Mit erhobenem Finger stand Pucki nach beendetem Frühstück vor ihrem Mann. »Ich setze eben meine Ehre darein, dir zu beweisen, daß ich eine Kochkünstlerin bin. Gestern las ich in meiner Hausfrauenzeitung, daß es außerordentlich schwierig sei, ein Filet richtig zu braten. Kaum die Hälfte aller Hausfrauen verstünde es, weil man hier nicht nach Eingelerntem, sondern nach dem Gefühl handeln muß. Dieses Kochgefühl, glaube ich, besitze ich. Daß das Filet vor einigen Tagen mißriet, daran war ich ja nicht schuld.«

»Gewiß, Pucki, das hast du mir schon zehnmal gesagt.«

»Trotzdem habe ich das brennende Verlangen, meine Ehre als gutkochende Hausfrau wiederherzustellen. – Also, Claus, heute um ein Uhr gibt es wieder Filet, ich flehe dich an, sei pünktlich! Es darf heute nichts dazwischenkommen. Ich habe eine Ahnung, daß es heute ein äußerst gemütliches Mittagsmahl sein wird.«

»Nun, Pucki, ich bin in den letzten vier Tagen immer pünktlich zum Essen heimgekommen, und ich hoffe, daß ich heute dein prächtig gelungenes Filet mit Behagen verspeisen kann. Aber – auf Überraschungen – –«

»Sei still, sei still, Claus, rufe das Unglück nicht herbei!«

Claus hatte sich erhoben, um hinüber ins Sprechzimmer zu gehen, denn Punkt neun Uhr begann die Arbeit. Im Wartezimmer saß bereits eine Frau mit ihrem Kinde.

Da kam der Briefträger. Claus griff nach den Briefen, las sie durch, und dann lachte er leise auf.

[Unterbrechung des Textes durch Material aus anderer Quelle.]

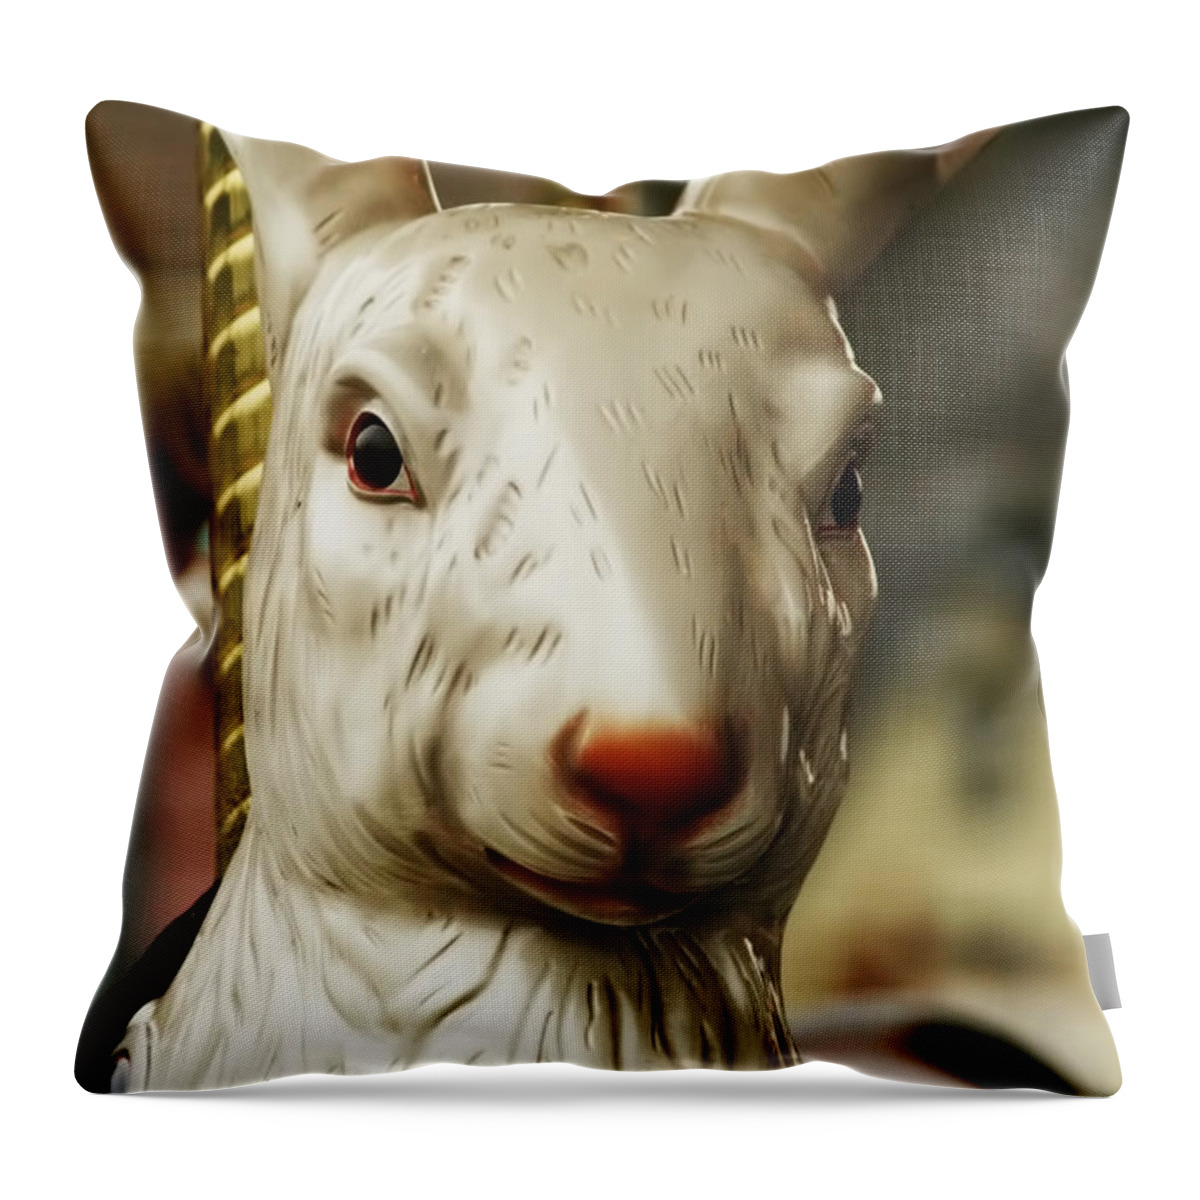 Carousel Throw Pillow featuring the photograph Carousel Rabbit by Kristia Adams

»Der Brief ist zwar an mich gerichtet, doch du sollst ihn öffnen und lesen. Ich muß hinüber.«

Pucki hielt den Gatten am Rockärmel fest. »Von wem?«

Claus wandte das Schreiben um. »Vom Großpapa.«

»Himmel!«

»Ich muß hinüber, man wartet auf mich.«

»Claus, ich habe das Empfinden, als käme das Unheil in unser Haus. – Der Großpapa zerstört unser Glück.«

»Pucki, wie wäre das möglich?«

»Ja, Claus, du hast recht. – Ich hoffte, da er sich solange nicht gemeldet hat, daß er den Plan, nach Rahnsburg zu kommen, aufgegeben hätte. Vielleicht schreibt er das.«

Claus war aus dem Zimmer geeilt. Pucki wog den Brief in der Hand, ehe sie ihn öffnete. Dann las sie ihn. Plötzlich sprang sie auf, als sei der Blitz vor ihr niedergefahren.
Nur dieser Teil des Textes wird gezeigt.